Наверное, он больше мешал, однорукий. Но старался, аж кончик языка высунул. Не смотрел на нее, однако видел родинку над припухлой губой, которую она облизывала, и смуглость кожи, и мочку с дырочкой для серьги, но сережек нет, и нежную прямую и гордую шею, и перетянутую в талии гимнастерку с сержантскими погонами, и темно-синюю юбку, оголявшую коленки и пудовые кирзачи — такие же, как у него. Женщина в армейской робе, только и всего.

Чернышев шел впереди колонны ранбольных. Колонна — одно название, горе горькое, постоянно растягивающаяся, ковыляющая толпа, которую он так же постоянно сбивал в единое целое. Главное — чтоб никто не отстал, не затерялся. Чернышев вышагивал и впереди, и сбоку, и в хвосте — повсюду нужен был догляд. Раненых немного, человек двадцать, однако ж — глаз да глаз, капитан Чернышев, комбат-1.

Капитан Чернышев, комбат-1, сроду не предполагал, что когда-нибудь придется командовать таким войском. Да и что значит — командовать? Тут надо просить, уговаривать, подбадривать и в случае чего сразу объявлять привал. Потому не шли, а плелись. Не марш, а крестный ход, сирые калики. Но что ж удивляться, как-никак раненые. Хотя, считается, и легко…

Раненые вышли из санбата гораздо раньше, чем выехали автобусы и полуторки с имуществом, с персоналом и с  к о с т ы л ь н и к а м и.

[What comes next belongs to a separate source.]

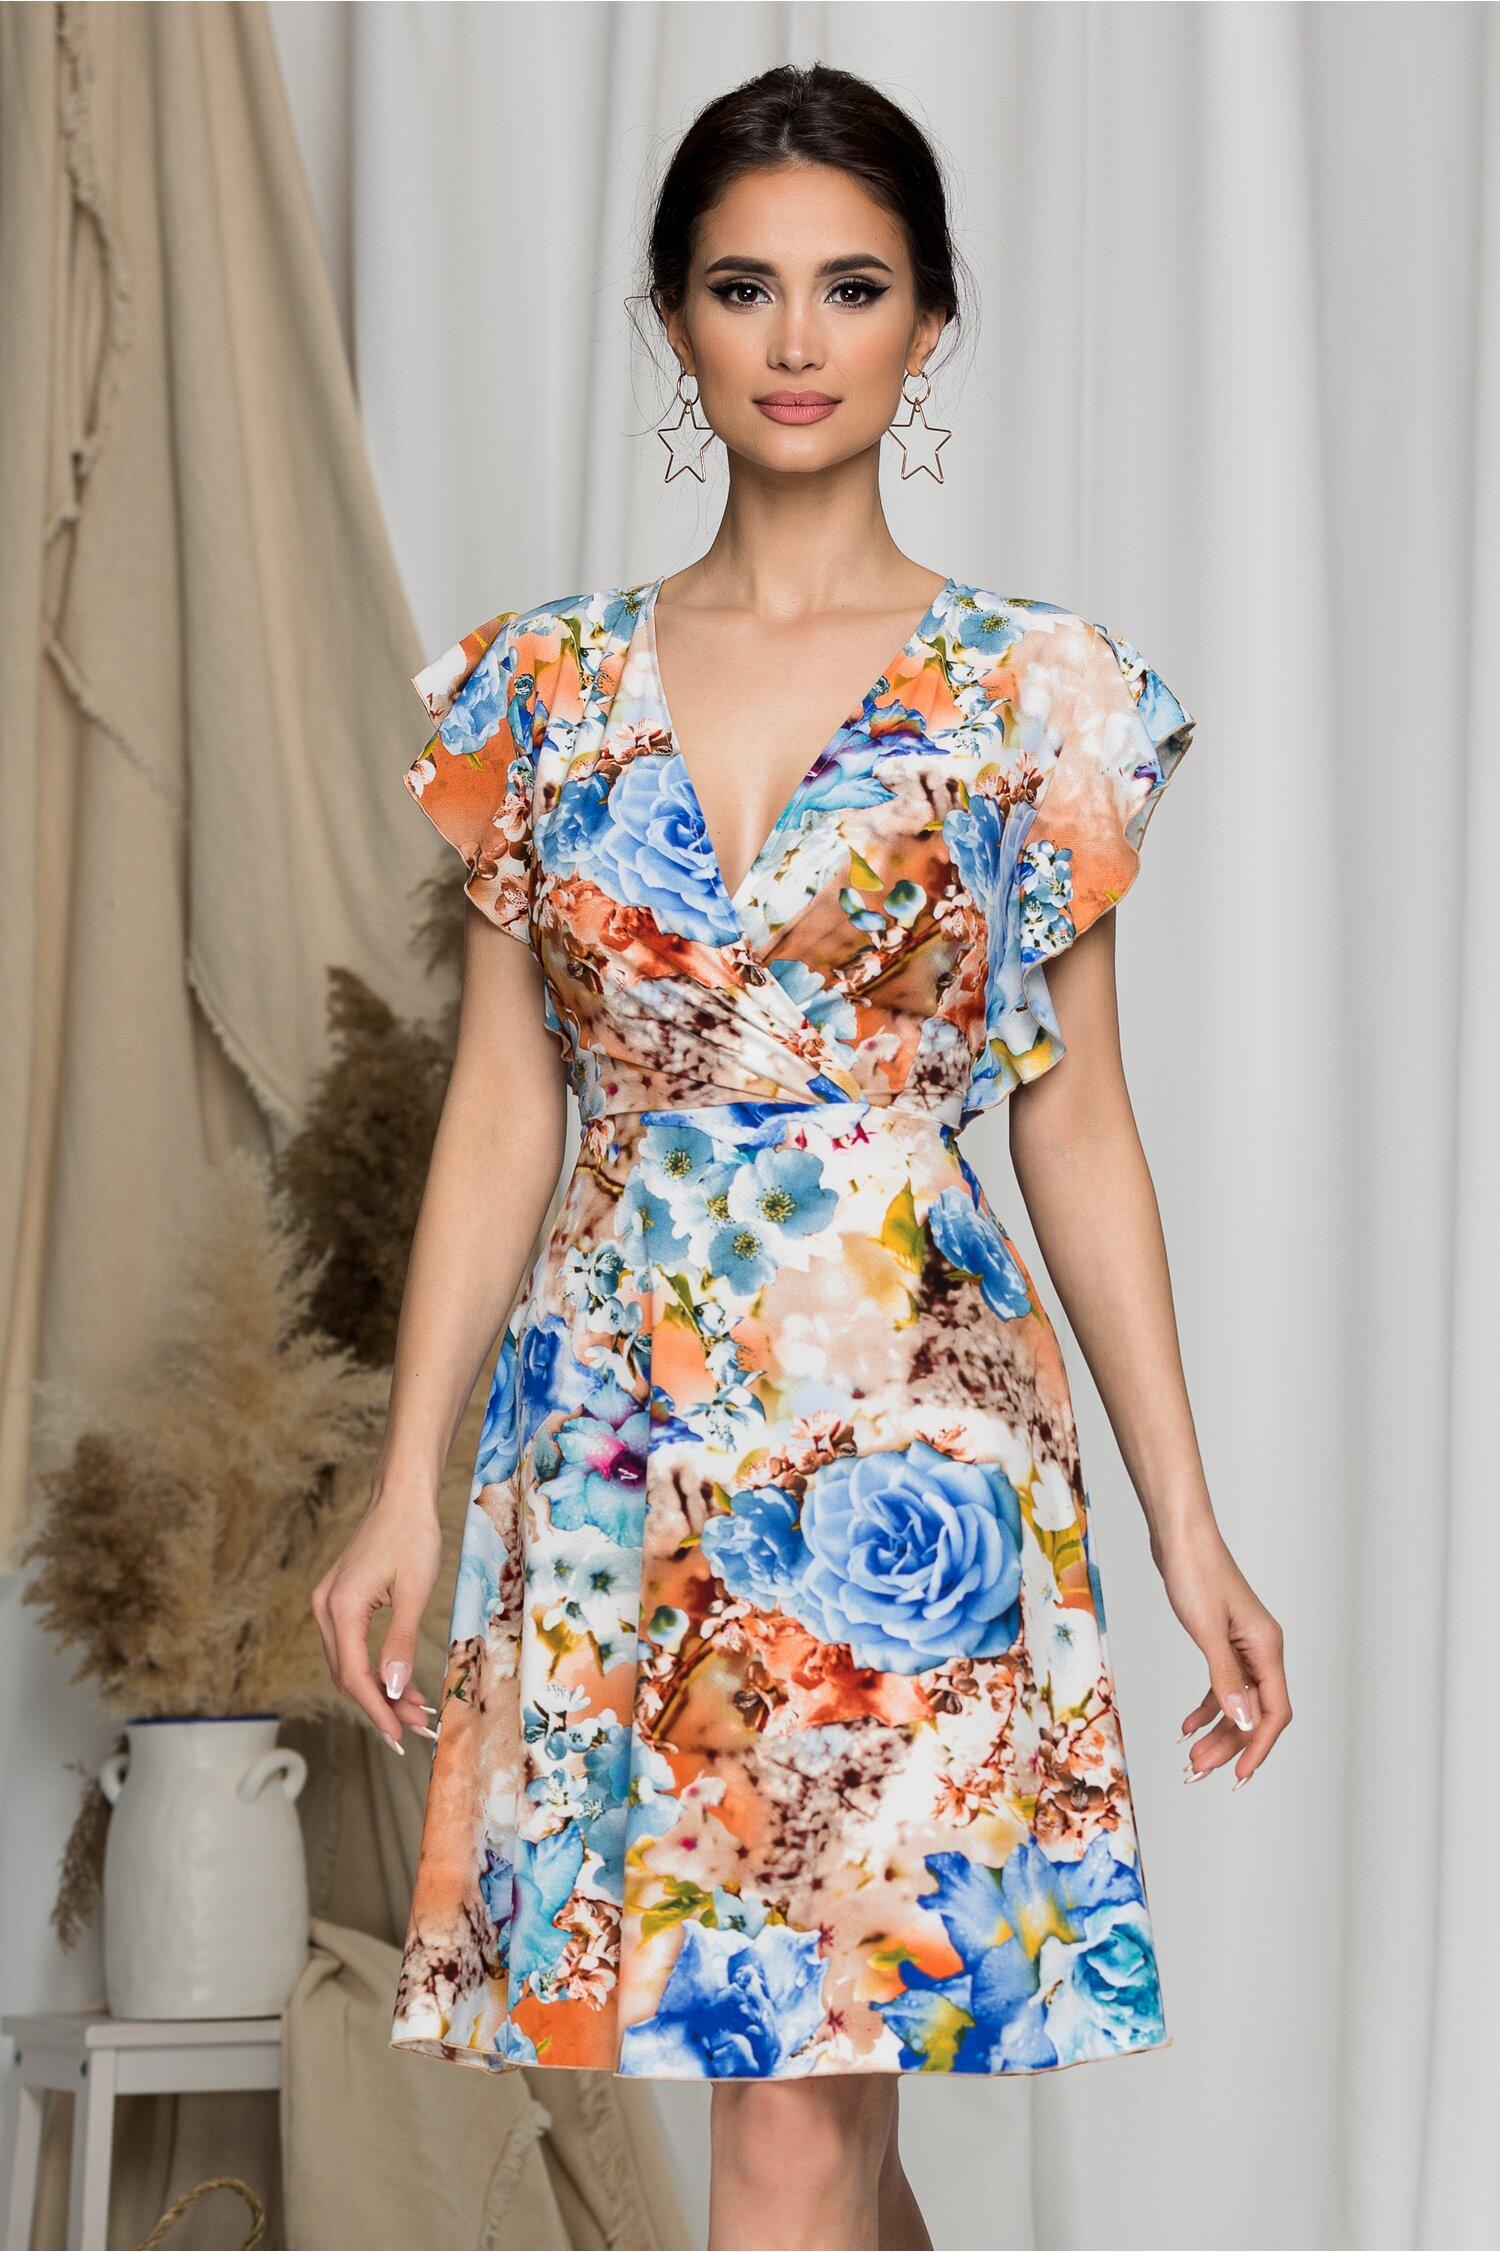 Rochie Juliette orange cu imprimeuri florale bleu

Прикидывалось, что на середине маршрута транспорт обгонит пешую колонну, прибудет в пункт назначения часа за три-четыре до ее прихода, и хоть какие-то службы санбата успеют развернуться. И прежде всего чтоб кухня приготовила горячий ужин и чтоб ночлег был.

Но техника нагнала войско Чернышева ранее планировавшегося, потому что доблестное войско плелось из рук (из ног?) вон плохо. За что главнокомандующий заслужил гневную тираду майора-замполита и протяжный вздох подполковника медслужбы. Не очень внимая санбатовскому начальству, Чернышев поискал глазами Аню и увидел ее на тюках в кузове дряхлой, полуживой полуторки. Они улыбнулись друг дружке, помахали пилотками. Выходит, Чернышев заслужил и кое-что иное — влажную улыбку с высоты необъятных тюков.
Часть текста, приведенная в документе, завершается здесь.